Mediasi di Pengadilan (court annexed mediation)  itu sendiri memiliki sejarah pasang surut yang cukup panjang. Pasal 130 Herziene Inlandsch Reglemen (HIR) dan pasal 154 Rechtsreglement voor de Buitengewesten (RBg) mengatur tentang lembaga perdamaian dan mewajibkan hakim untuk terlebih dahulu mendamaikan para pihak yang berperkara sebelum perkaranya diperiksa. Ketentuan ini kemudian ditindaklanjuti dengan Surat Edaran Mahkamah Agung (SEMA) No 1 Tahun 2002 tentang Pemberdayaan Pengadilan Tingkat Pertama dalam Menerapkan Lembaga Damai yang dimaksud dalam Pasal 130 HIR dan Pasal 154 RBg tersebut.

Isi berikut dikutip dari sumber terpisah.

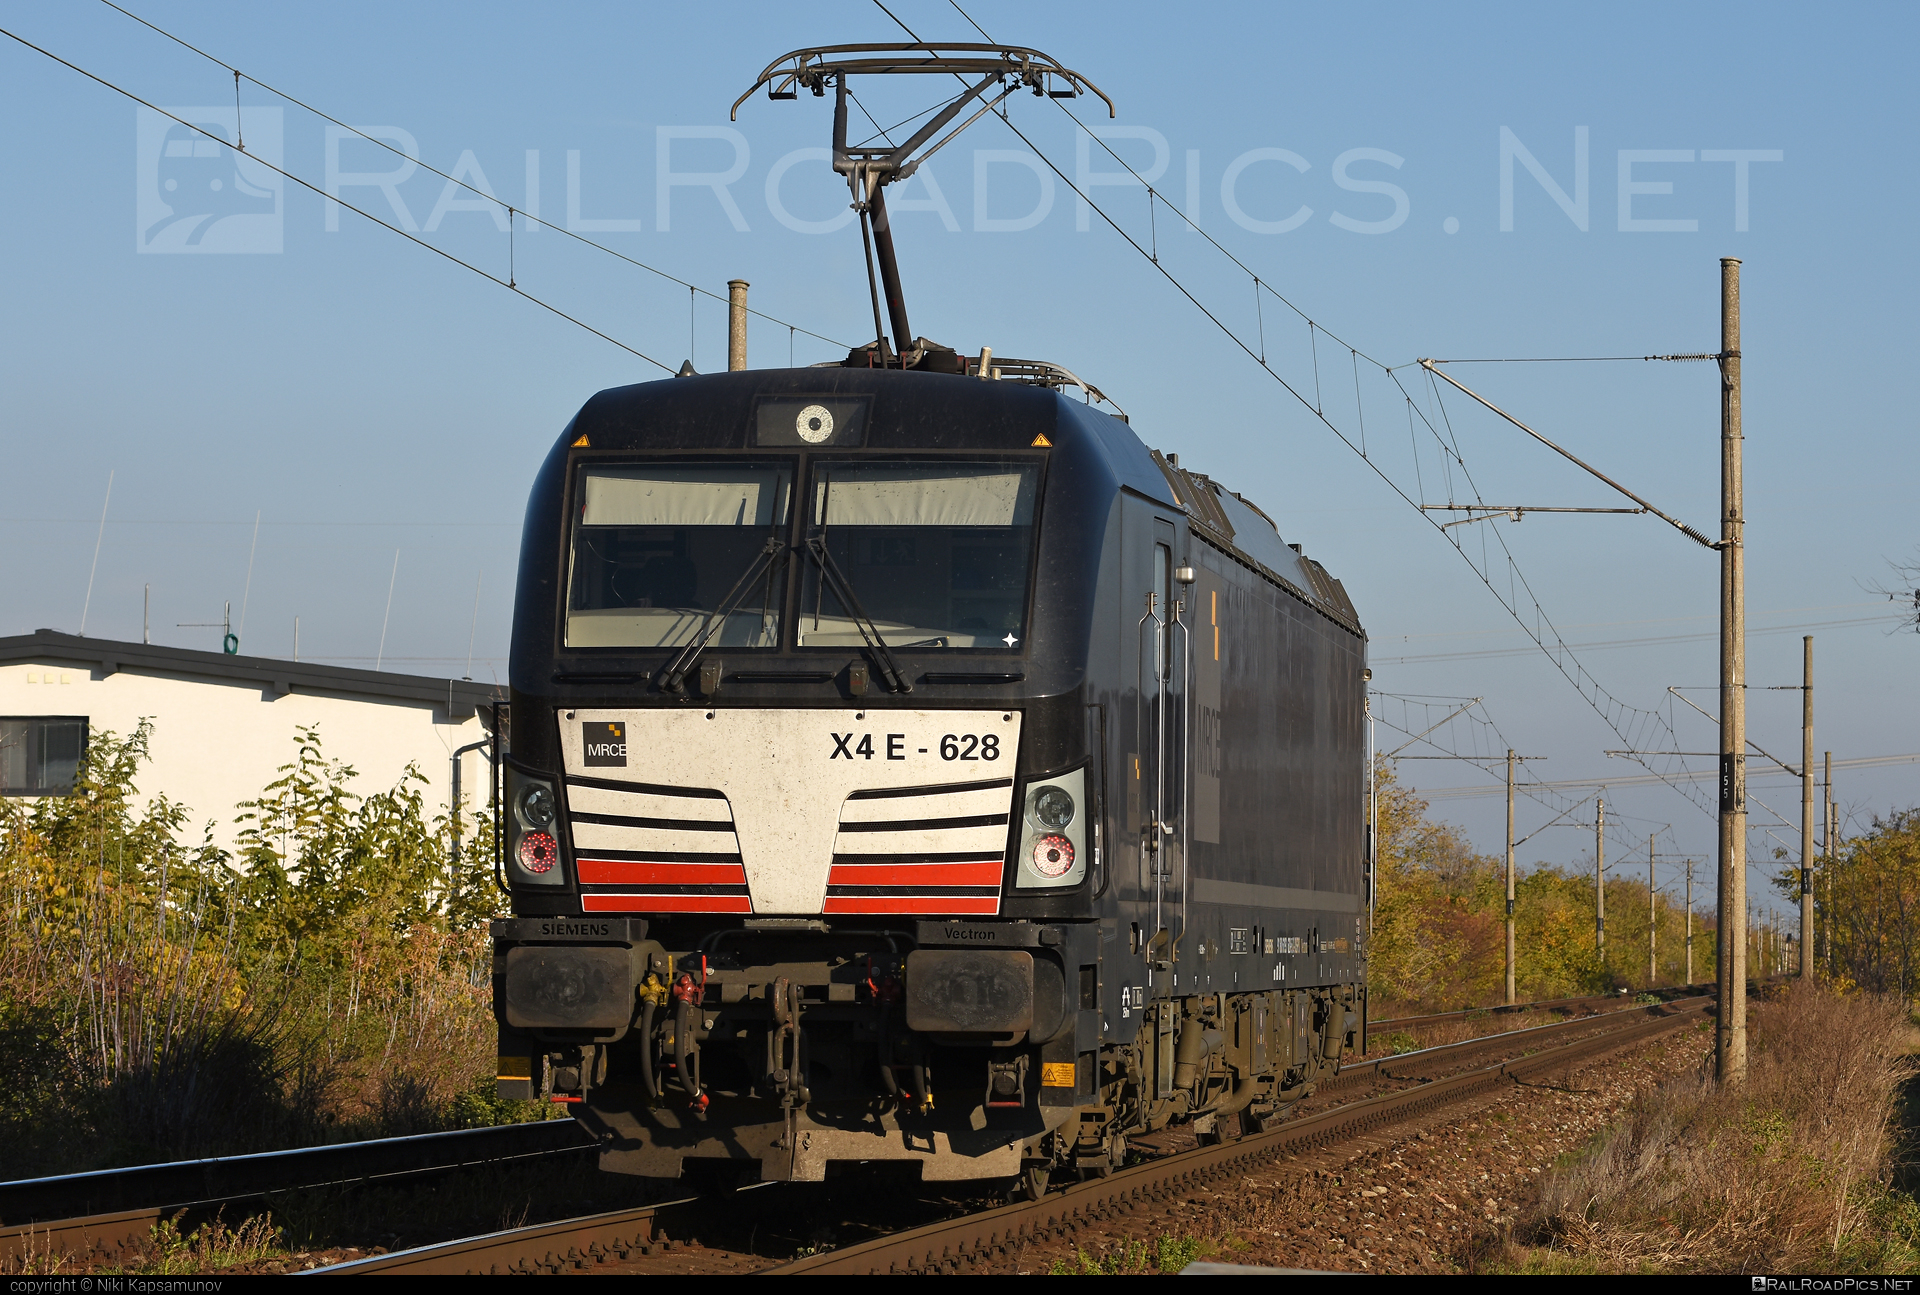 Siemens Vectron MS - 193 628 operated by Retrack Slovakia s. r. o. #dispolok #mitsuirailcapitaleurope #mitsuirailcapitaleuropegmbh #mrce #retrack #retrackslovakia #siemens #siemensVectron #siemensVectronMS #vectron #vectronMS

Mediasi mulai berlaku dan bersifat wajib bagi seluruh perkara perdata yang diajukan ke pengadilan tingkat pertama sejak diterbitkannya Peraturan Mahkamah Agung (PERMA) No. 2 Tahun 2003 tentang Prosedur Mediasi di Pengadilan. Tahun 2008, PERMA No. 2 Tahun 2003 diganti dengan PERMA No. 1 Tahun 2008 yang kemudian diganti lagi dengan Perma No. 1 tahun 2016, dengan perubahan mendasar adanya itikad baik dalam melaksanakan mediasi.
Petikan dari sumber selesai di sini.